Metadata-Version: 2.4
Name: redsafe
Version: 0.1.2
Summary: Local AI-safe redaction engine for security data
Author: AI Safe Redaction Engine
Requires-Python: >=3.10
Description-Content-Type: text/markdown
Requires-Dist: spacy
Requires-Dist: pytesseract
Requires-Dist: opencv-python
Requires-Dist: lxml
Requires-Dist: numpy
Requires-Dist: scikit-learn

# AI Safe Redaction Engine

A local-first, modular redaction system for security data before AI processing.

## Single-Word CLI Name
This project is packaged as:
- Command: `redsafe`
- Package name: `redsafe`

PyPI:
- https://pypi.org/project/redsafe/

## Supported Inputs
- Burp Suite XML exports
- Burp project/session files (`.burp`) via best-effort binary HTTP extraction
- Raw HTTP requests/responses
- Network logs
- Basic PCAP parsing
- Screenshots (OCR + masking)

## Features
- Analysis-based sensitive data detection (not regex-only)
- Named Entity Recognition (spaCy)
- Secret detection with heuristics and entropy scoring
- Context-aware detection from header/parameter names
- Consistent placeholder mapping (`<EMAIL_1>`, `<JWT_TOKEN_1>`, etc.)
- Local-only processing, no external API calls

## Project Structure
- `parsers/`: input ingestion modules
- `detection/`: entity, secret, entropy, and context detectors
- `redaction/`: placeholder and redaction logic
- `core/`: data models and orchestration pipeline
- `utils/`: file/encoding helpers
- `tests/`: sample files + pytest coverage

## Install With pipx (PyPI)
```bash
pipx install redsafe
```

Run:
```bash
redsafe --input tests/sample_burp.xml --type burp
redsafe --input tests/sample_http.txt --type http
redsafe --input tests/sample_log.txt --type log
redsafe --input tests/sample_image.png --type image
```

Upgrade:
```bash
pipx upgrade redsafe
```

## Install From GitHub (Latest Source)
```bash
pipx install git+https://github.com/sam1101-sys/ai-redaction-engine.git
```

## Install With venv (Alternative)
```bash
cd /home/gss/Desktop/Codex/ai-redaction-engine
python -m venv .venv
source .venv/bin/activate
pip install -r requirements.txt
python -m spacy download en_core_web_sm
```

Run examples:
```bash
python main.py --input tests/sample_burp.xml --type burp
python main.py --input tests/sample_http.txt --type http
python main.py --input tests/sample_log.txt --type log
python main.py --input tests/sample_image.png --type image
```

Outputs are written to `sanitized_output/`.
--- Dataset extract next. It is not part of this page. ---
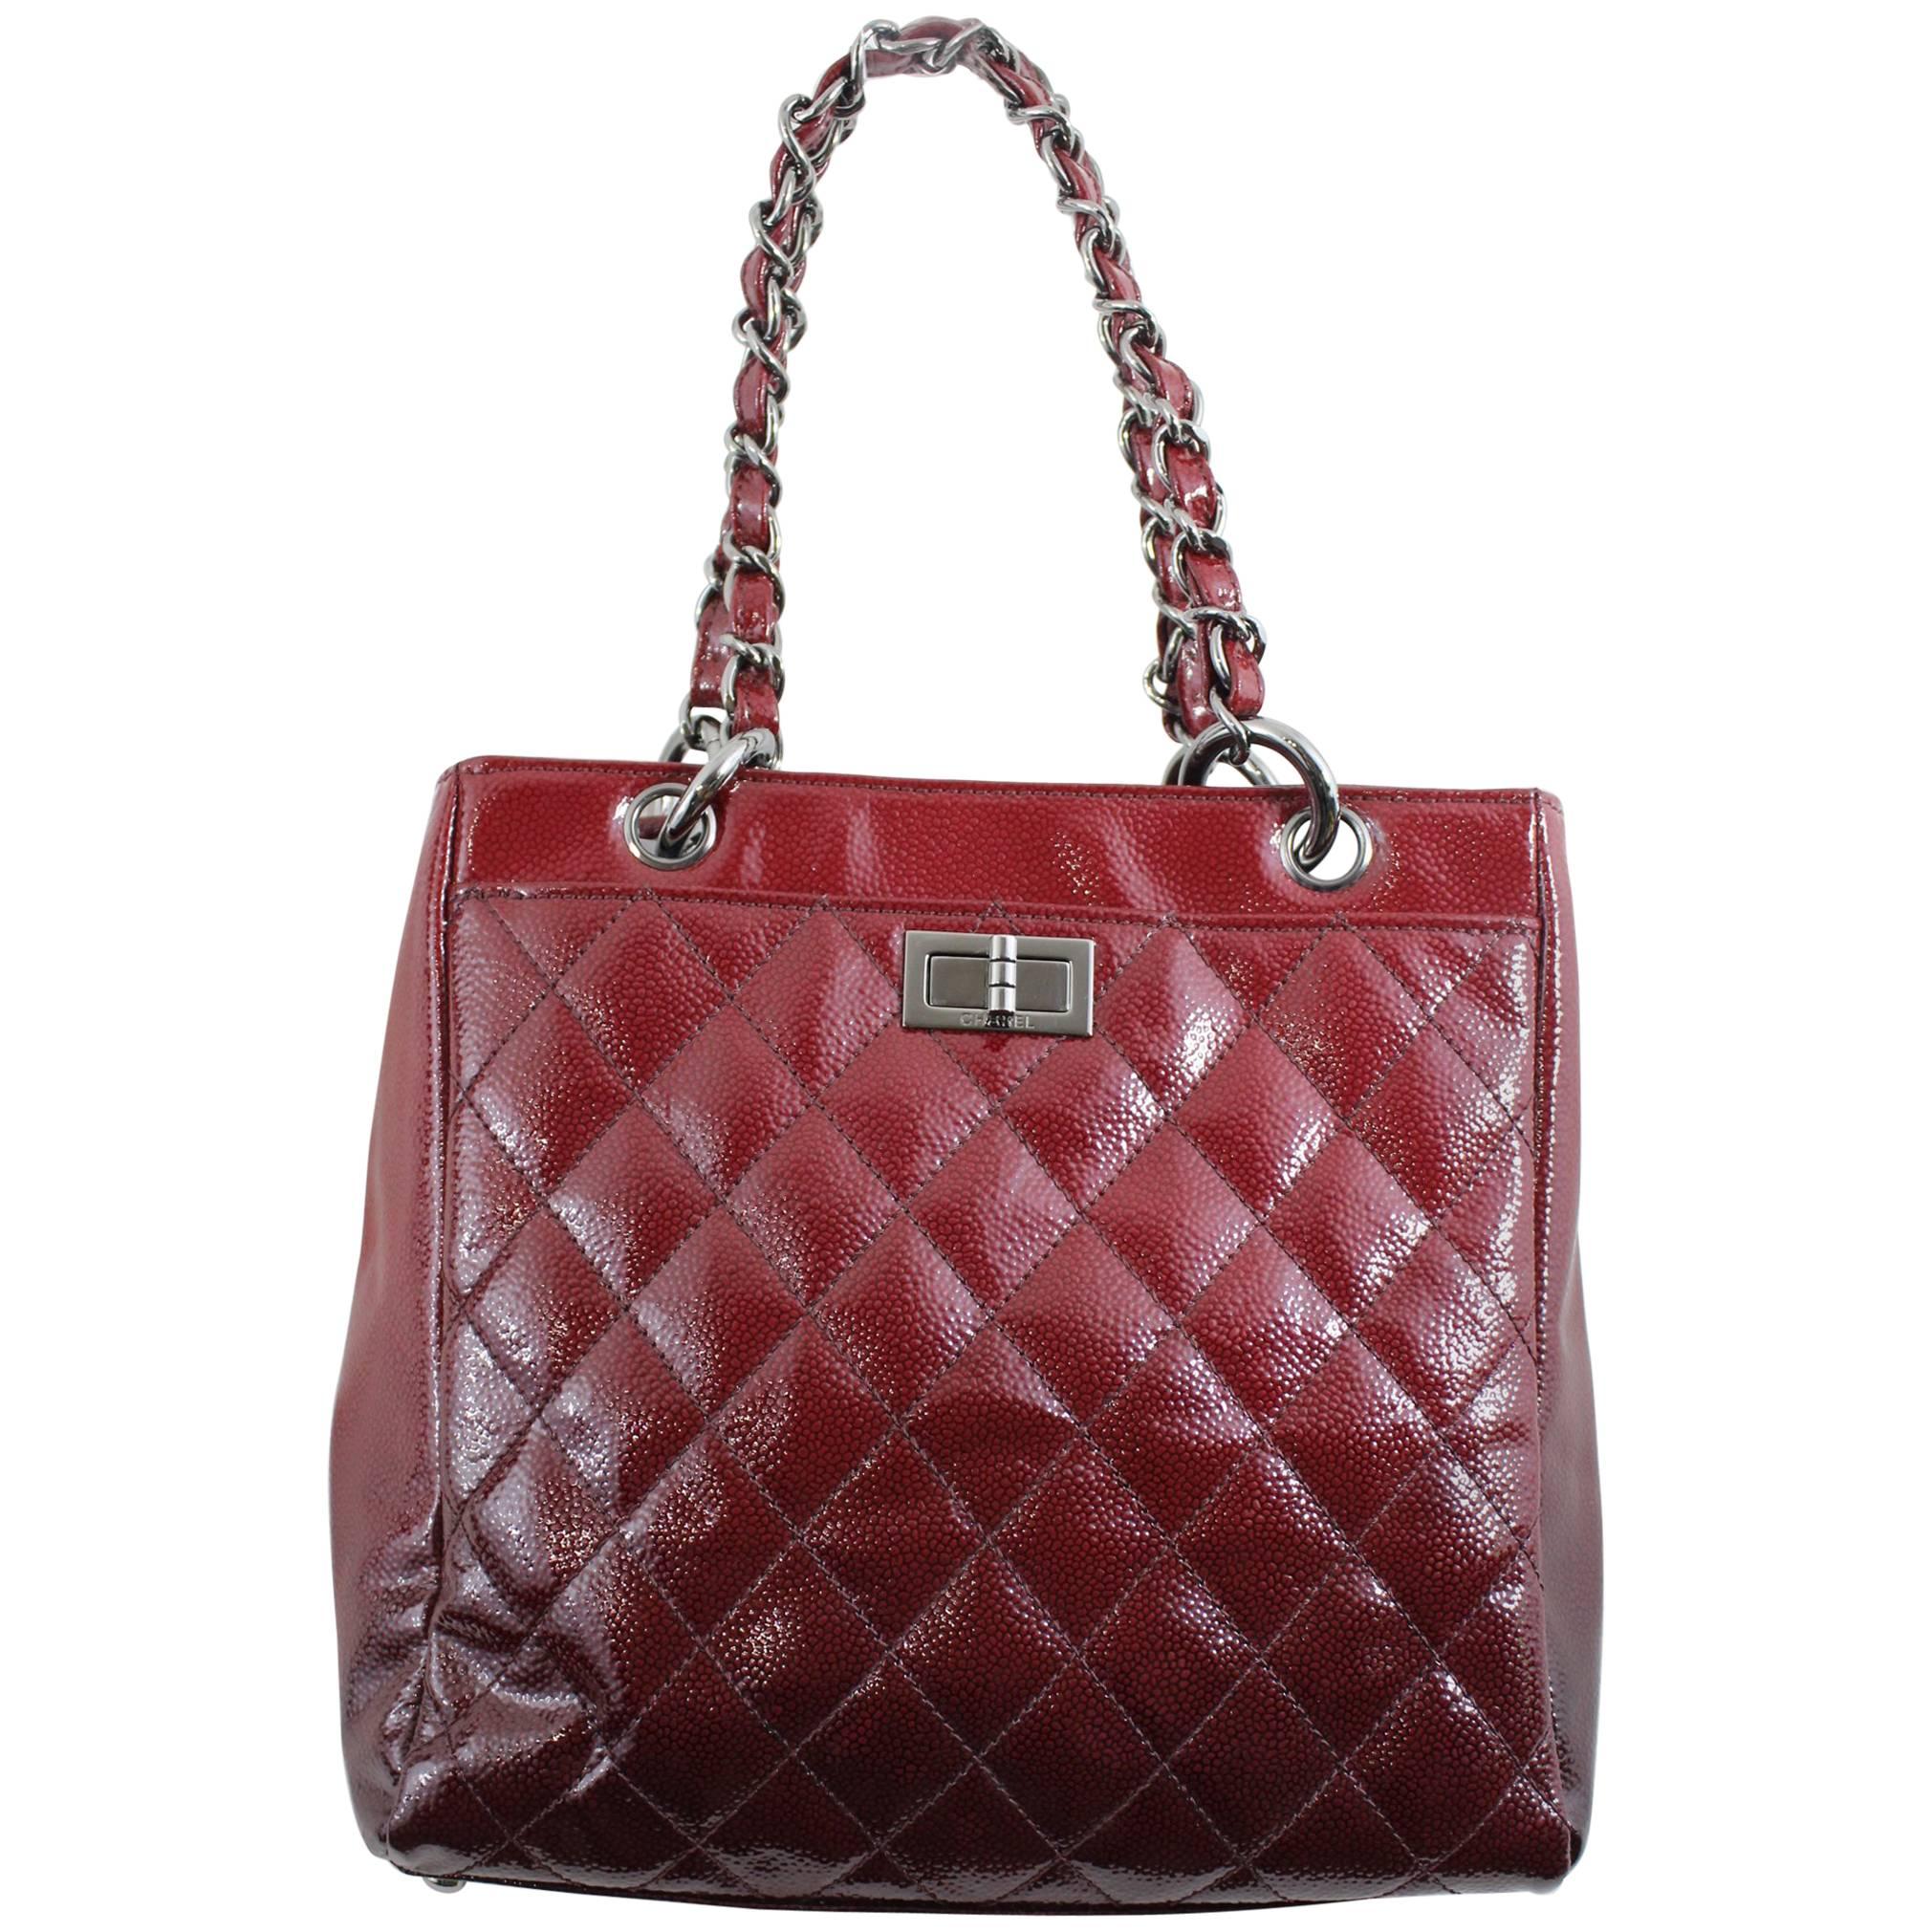 Chanel 2.55 patented Leather Burgundy-Red Shopper Bag For Sale

## Redaction Tuning (False Positive Control)
Secret entropy detection can be tuned via environment variables:

```bash
export REDACTION_ENTROPY_THRESHOLD=4.2
export REDACTION_MIN_SECRET_LEN=24
export REDACTION_MIN_BASE64_LEN=28
export REDACTION_IGNORE_VALUES="application/x-www-form-urlencoded,text/plain"
```

These values are consumed by `SecretDetectionConfig` in `detection/secret_detection.py`.

## Run Tests
```bash
pytest -q
```

## Notes
- Designed for integration into a future AI pentesting engine.
- All processing is local.
- If `en_core_web_sm` is unavailable, regex/heuristic detection still works.
- Image redaction needs local `opencv-python`, `pytesseract`, and system `tesseract` binary installed.